Metadata-Version: 1.1
Name: WordEmbeddingLoader
Version: 0.2.1
Summary: Loaders and savers for different implentations of word embedding.
Home-page: https://github.com/koreyou/word_embedding_loader
Author: Yuta Koreeda
Author-email: secret-email@example.com
License: MIT
Description: .. -*- coding: utf-8; -*-
        
        Loaders and savers for different implentations of `word embedding <https://en.wikipedia.org/wiki/Word_embedding>`_. The motivation of this project is that it is cumbersome to write loaders for different pretrained word embedding files.
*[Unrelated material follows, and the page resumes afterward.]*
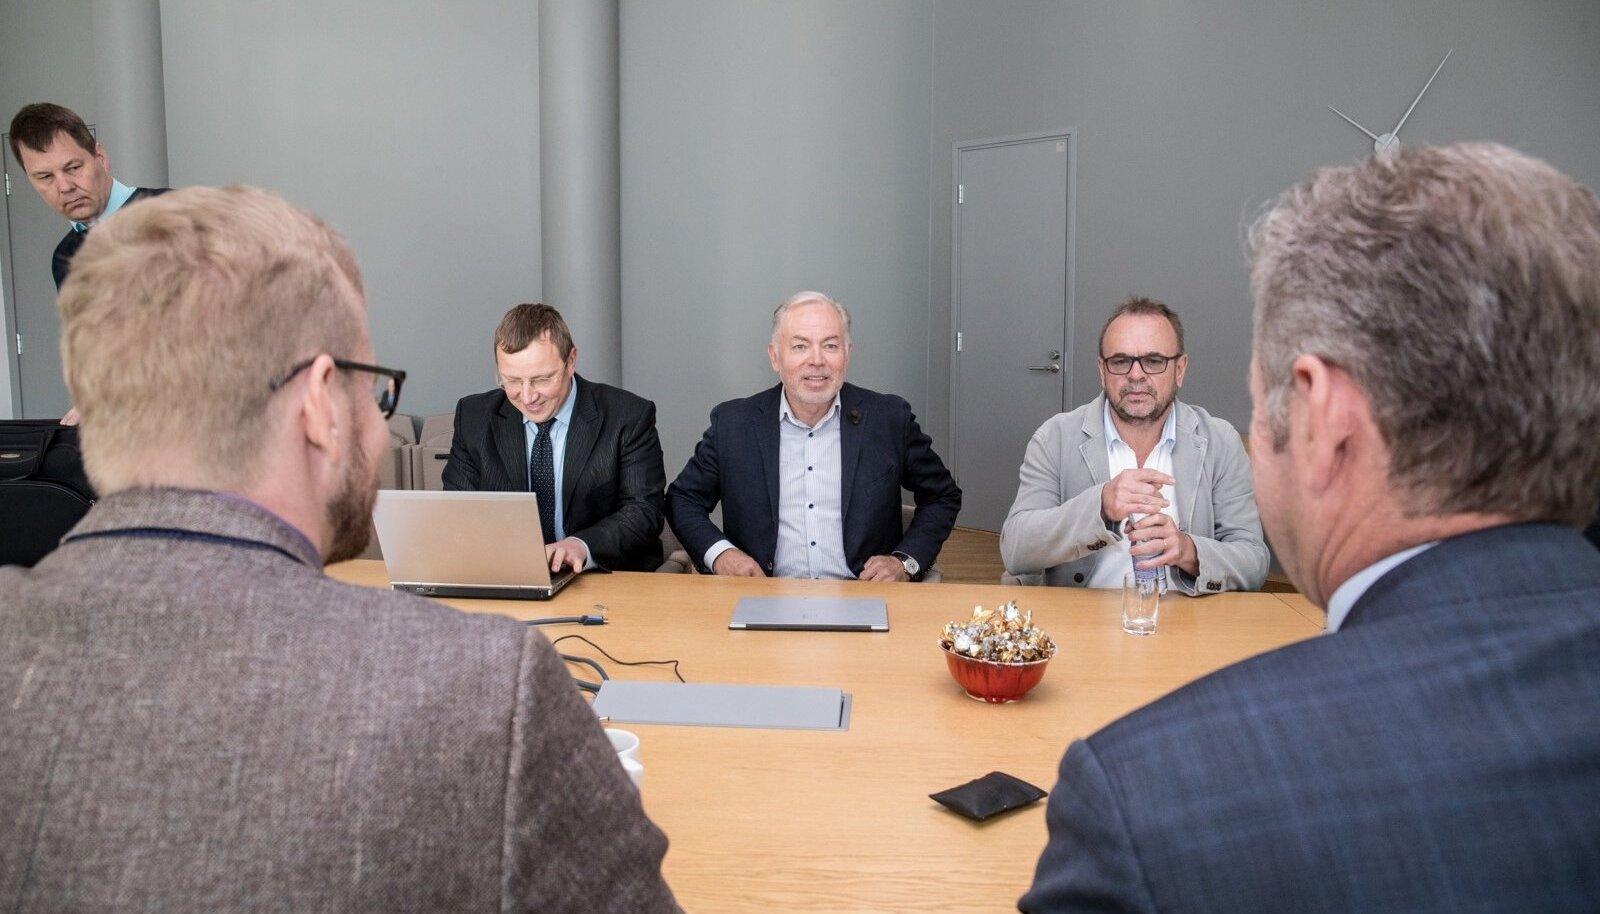 Lääne Raudtee esindajad Eesti Raudtee nõukogu ja juhatusega kohtumas

This project provides a simple interface for loading pretrained word embedding files in different formats.
        
        .. code:: python
        
           from word_embedding_loader import WordEmbedding
        
           # it will automatically determine format from content
           wv = WordEmbedding.load('path/to/embedding.bin')
        
           # This project provides minimum interface for word embedding
           print wv.vectors[wv.vocab['is']]
        
           # Modify and save word embedding file with arbitrary format
           wv.save('path/to/save.txt', 'word2vec', binary=False)
        
        
        This project currently supports following formats:
        
        * `GloVe <https://nlp.stanford.edu/projects/glove/>`_, Global Vectors for Word Representation, by Jeffrey Pennington, Richard Socher, Christopher D. Manning from Stanford NLP group.
        * `word2vec <https://code.google.com/archive/p/word2vec/>`_, by Mikolov.
            - text (create with ``-binary 0`` option (the default))
            - binary (create with ``-binary 1`` option)
        * `gensim <https://radimrehurek.com/gensim/>`_ 's ``models.word2vec`` module (coming)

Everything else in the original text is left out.